I have been thinking about this lately, because I am nearing a drink-worthy point in my own life. This week, I'm leaving Metro Pulse to take a new job in the administration of the incoming city mayor. (Whose name I won't even type, because that would probably be some kind of conflict of interest. But you know who I mean.) This is the second time I've left the warm, disheveled nest of MP, and it will probably be the last.

Metro Pulse has given me two of the best jobs I've ever had. No other newspaper has been as much fun or provided as much freedom. In the current, blasted landscape of American print journalism, I'm not sure if there's a better place to work—not just in Knoxville, but in the country. If there is another outlet that would let me simultaneously cover local and state politics, interview transsexual porn stars, conduct a limerick contest, and delve into the lyrical and cultural significance of Taylor Swift, I don't know what it is.

The paper marked its 20th anniversary this year, a milestone reached through the cumulative efforts of dozens if not hundreds of writers, editors, designers, salespeople, freelancers, office managers, interns, and—crucially—people willing to write paychecks to all of the above.
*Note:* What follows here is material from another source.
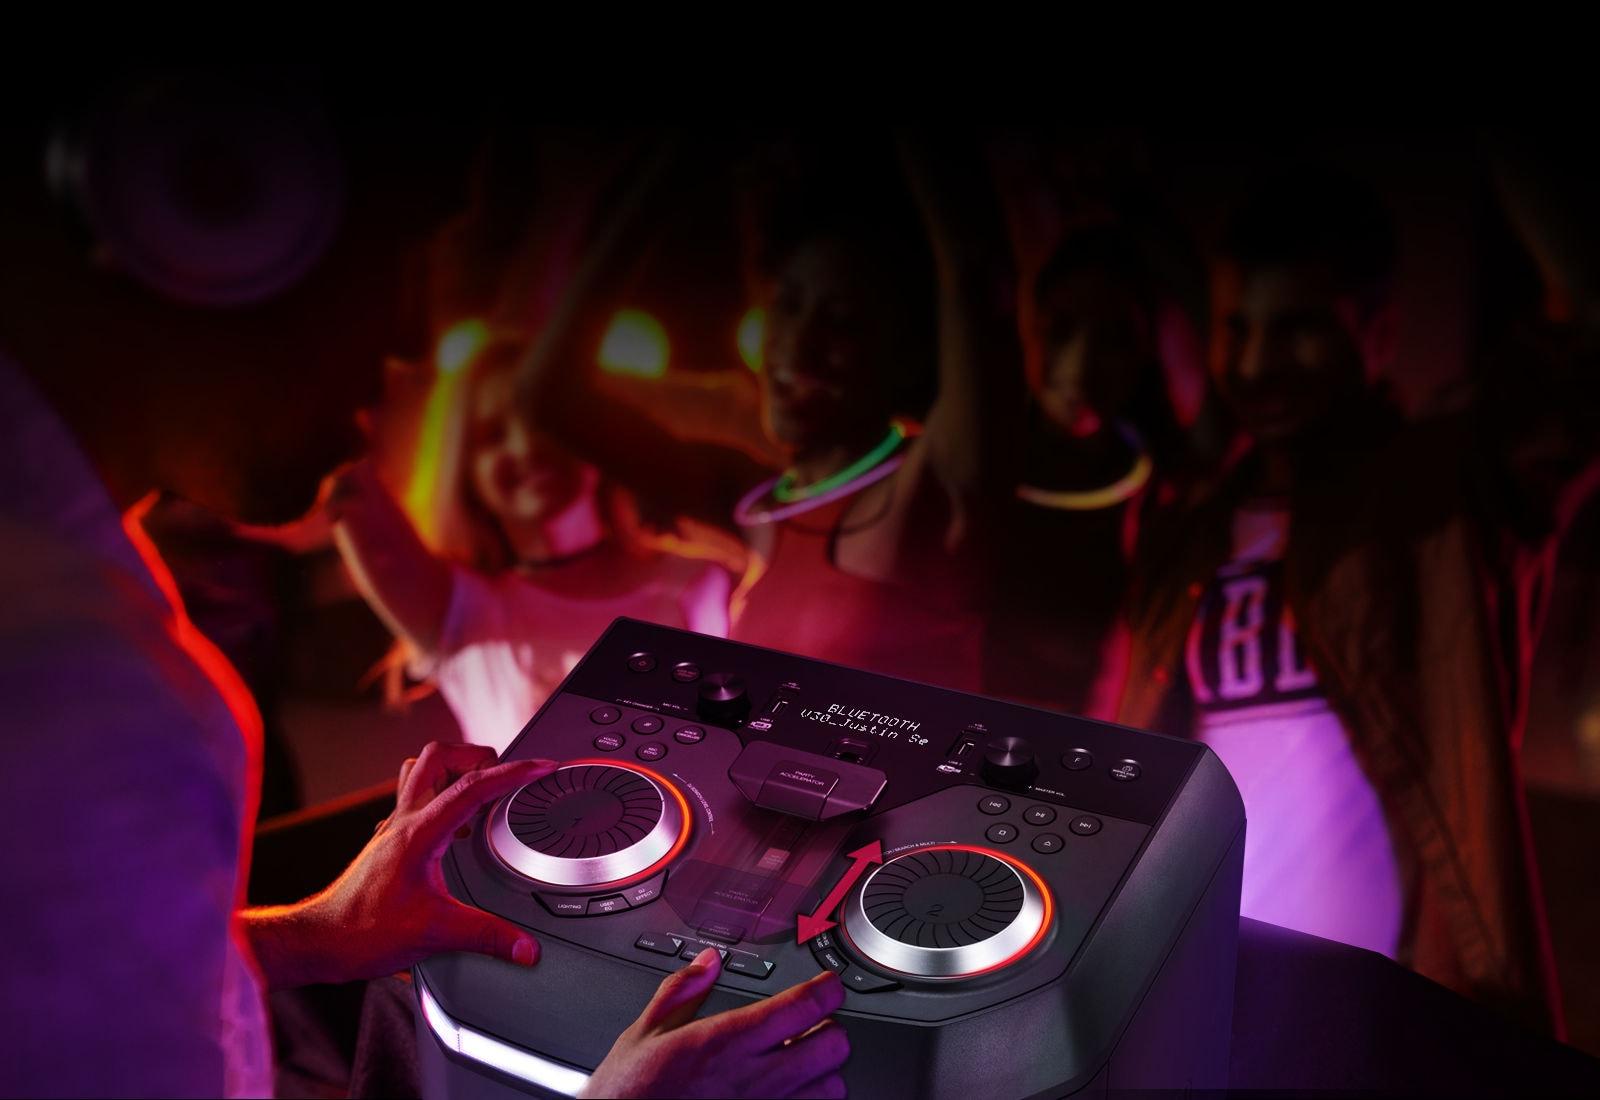 Accelerate_Your_Party_Desktop

I have benefited from all of their work, and so (I think) has Knoxville.

Paul Dickson's website,, offers examples of toasts for many occasions, from birth to death to love. It does not suggest any appropriate acknowledgment of a weekly newspaper. So all I can say is: May your ink not run dry or your presses go cold. Here's to deadlines made and missed, ears to the ground and eyes on the scene, secret histories and citybeats, and the readers who for whatever reason keep coming back every week. I will miss all of it, and all of you. Many thanks.